Da quel momento divenne più chiaro che potessero esistere delle funzioni “lateralizzate” nel nostro cervello, localizzate principalmente, a seconda dei casi, in uno dei due emisferi. Per esempio, negli esseri umani, il linguaggio è elaborato per la maggior parte nell’emisfero sinistro mentre la mano destra è controllata dalla corteccia motoria dell’emisfero sinistro. Come se non bastasse, nel cervello è possibile riscontrare un’altra caratteristica, l’asimmetria. Molto si conosce negli esseri umani ma poco si sa dei nostri parenti più stretti ancora in vita, le grandi scimmie.

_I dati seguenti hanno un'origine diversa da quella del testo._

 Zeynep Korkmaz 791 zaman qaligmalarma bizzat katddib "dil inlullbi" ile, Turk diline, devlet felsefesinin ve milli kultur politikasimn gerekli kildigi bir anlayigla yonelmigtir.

Spesso, però, si è considerata l’asimmetria come una peculiarità esclusivamente umana. Basandosi sui dati attualmente disponibili, gli scienziati hanno invece dimostrato come i diversi aspetti dell’asimmetria si siano evoluti solo recentemente, dopo la scissione avvenuta tra la linea evolutiva degli uomini e quella degli scimpanzé.

“I cervelli delle grandi scimmie sono raramente disponibili per la ricerca, ma noi abbiamo sviluppato dei metodi alternativi per estrarre i dati dai crani che, invece, sono più facilmente accessibili. Questo ci ha permesso di portare avanti il nostro lavoro”, ha dichiarato Simon Neubauer, uno degli autori dell’articolo.

Dallo studio è emerso che l’asimmetria fosse pressoché identica negli umani e nelle grandi scimmie. Solo negli scimpanzé era meno marcata rispetto agli altri gruppi di riferimento. Nonostante ciò tutti avevano in comune le caratteristiche precedentemente attribuite ai soli esseri umani. 

“Ciò che ci ha sorpresi di più”, riporta Phillip Mitteroecker, co-autore dello studio, “è stato che gli esseri umani presentavano una maggiore variabilità a partire dal modello comune”. Questo, secondo i ricercatori, è un segno di una maggiore funzionalità e di uno sviluppo tipico del cervello umano e apre la strada a una nuova interpretazione di questo organo.

 “Gli esseri umani sembrano aver sviluppato le loro caratteristiche a partire da questo modello morfologico per giungere a una lateralizzazione funzionale del cervello collegata, tra l’altro, con i nostri tipici atteggiamenti comportamentali”, conclude in una nota Philip Gunz, uno degli autori.